→ **Required action**: Could you give back exactly the lines below from the one with "C300 Aftermarket Rear" through the one with "yamamoto_misatonishiki55_28by11.jpg", without a single picture?

→ **Data shown**:
┌────────

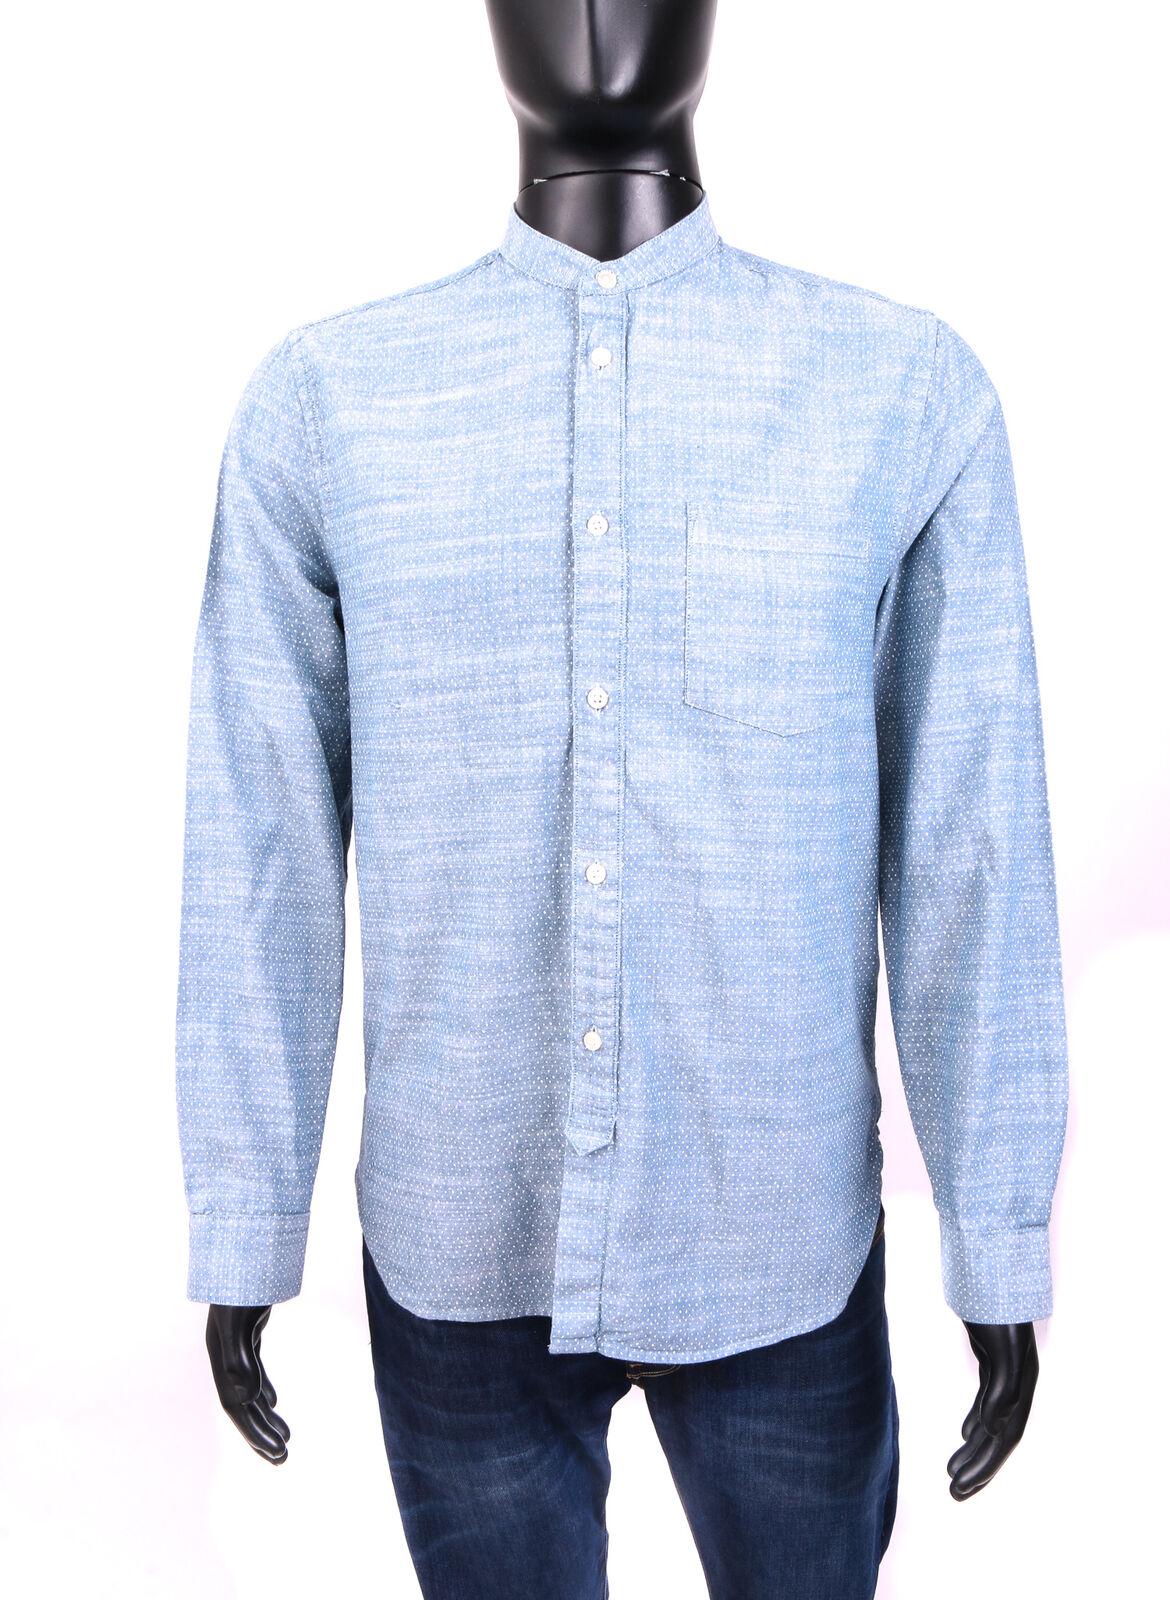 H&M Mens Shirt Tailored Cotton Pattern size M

└────────
┌────────

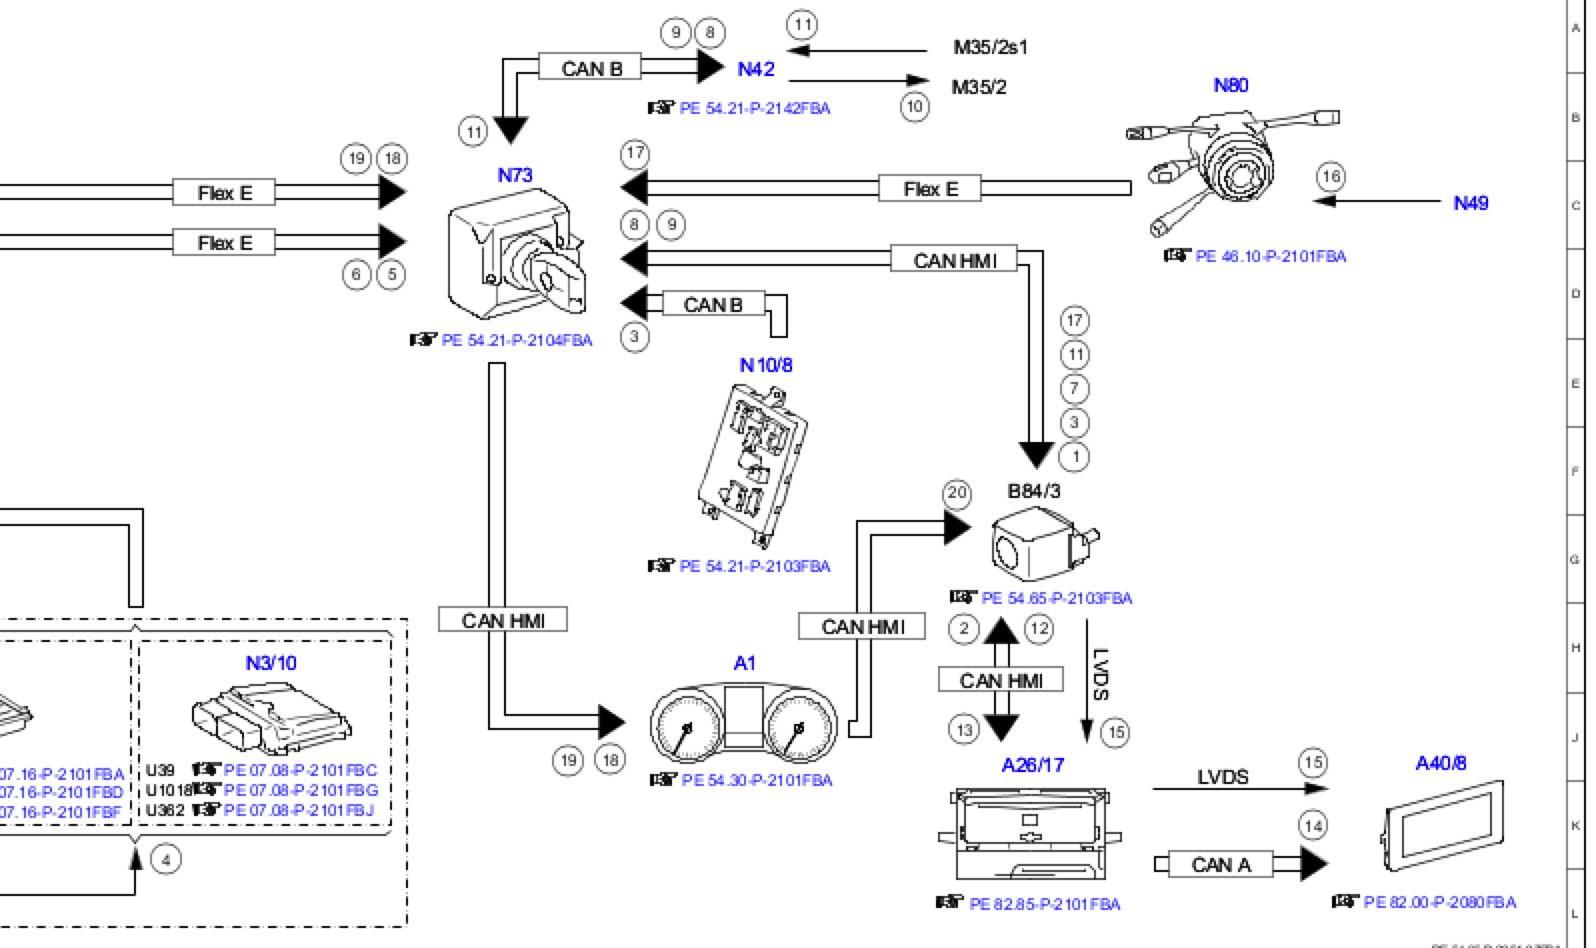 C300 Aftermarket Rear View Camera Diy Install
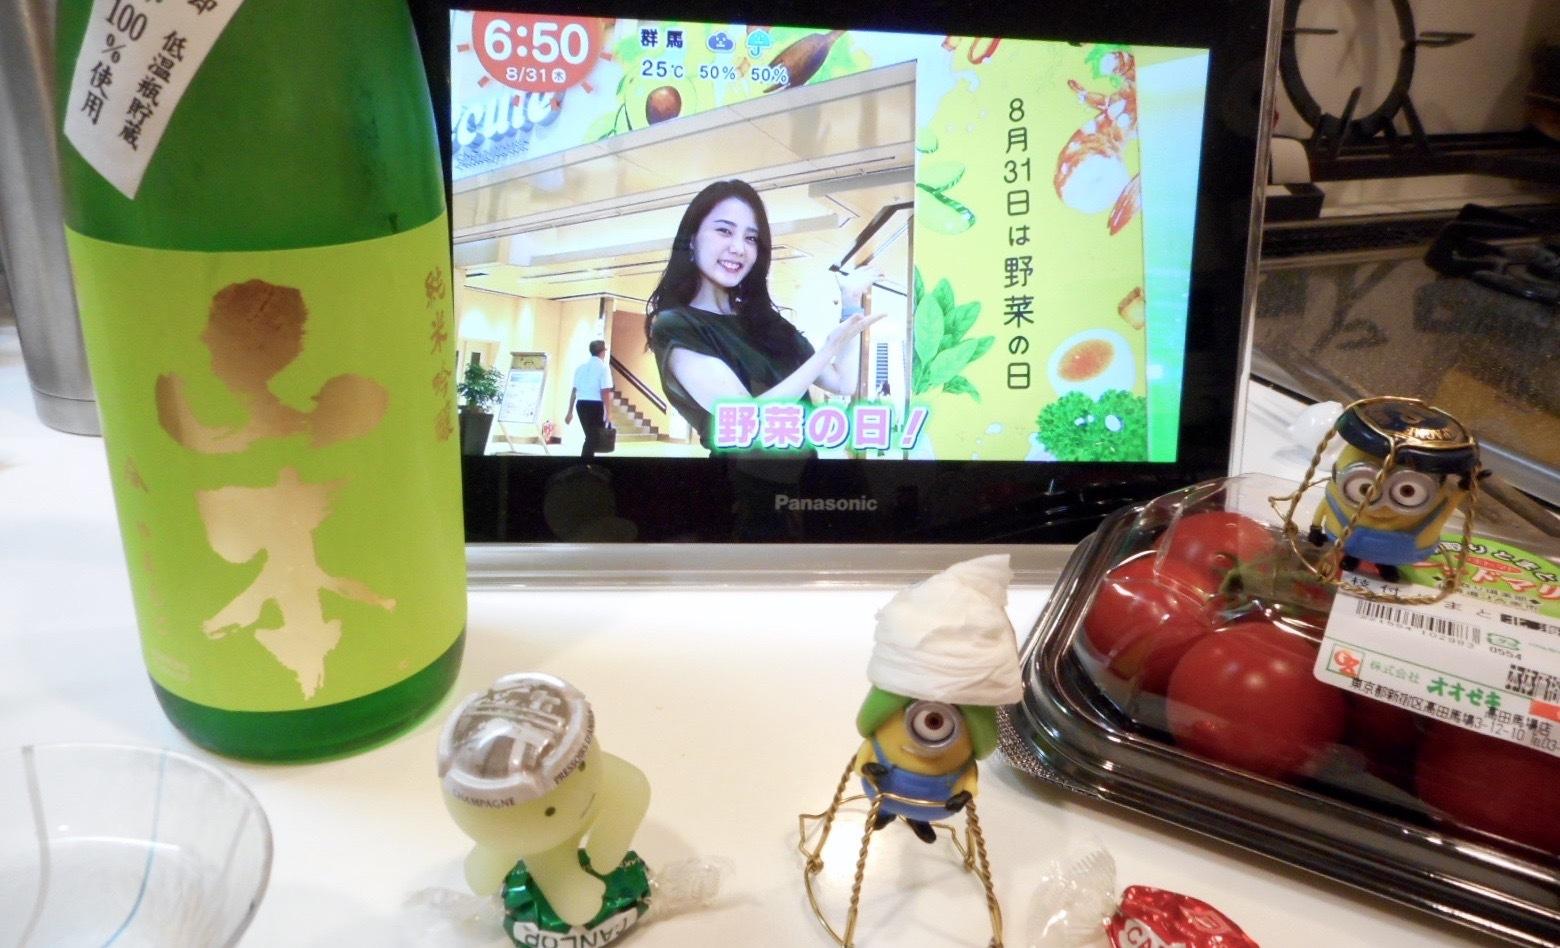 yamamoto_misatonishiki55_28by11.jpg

└────────
┌────────

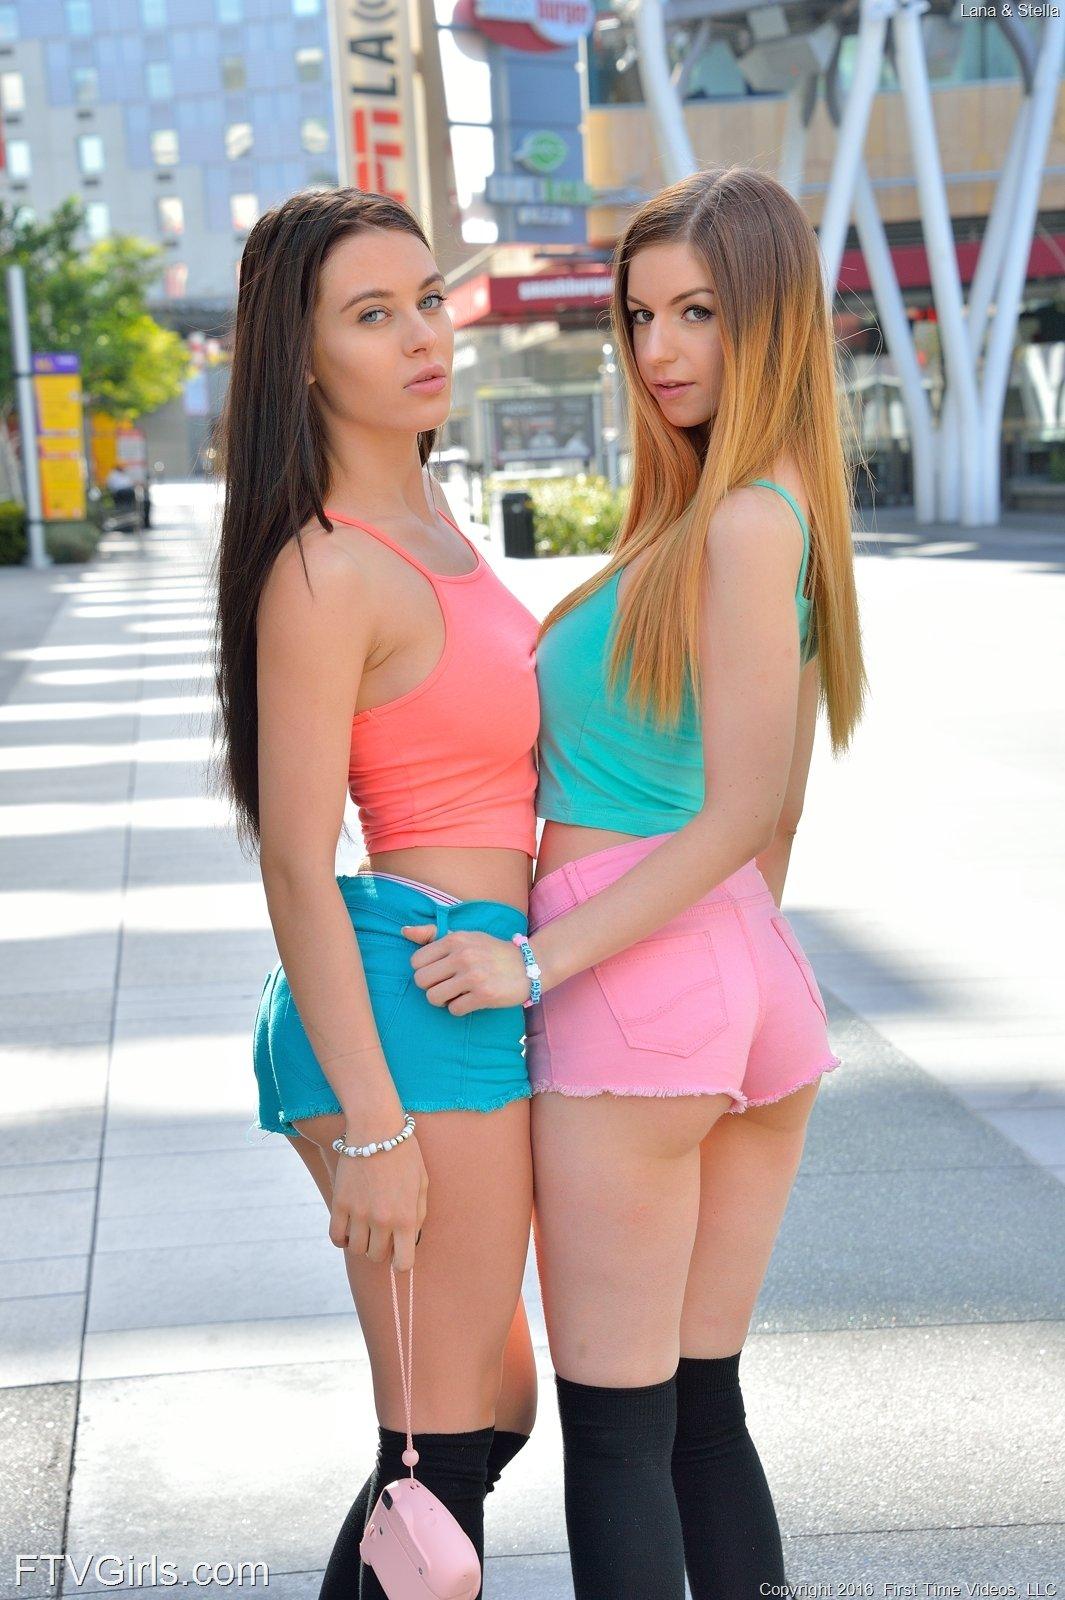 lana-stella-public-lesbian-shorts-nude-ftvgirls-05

└────────

→ **Solution**:
 C300 Aftermarket Rear View Camera Diy Install
 yamamoto_misatonishiki55_28by11.jpg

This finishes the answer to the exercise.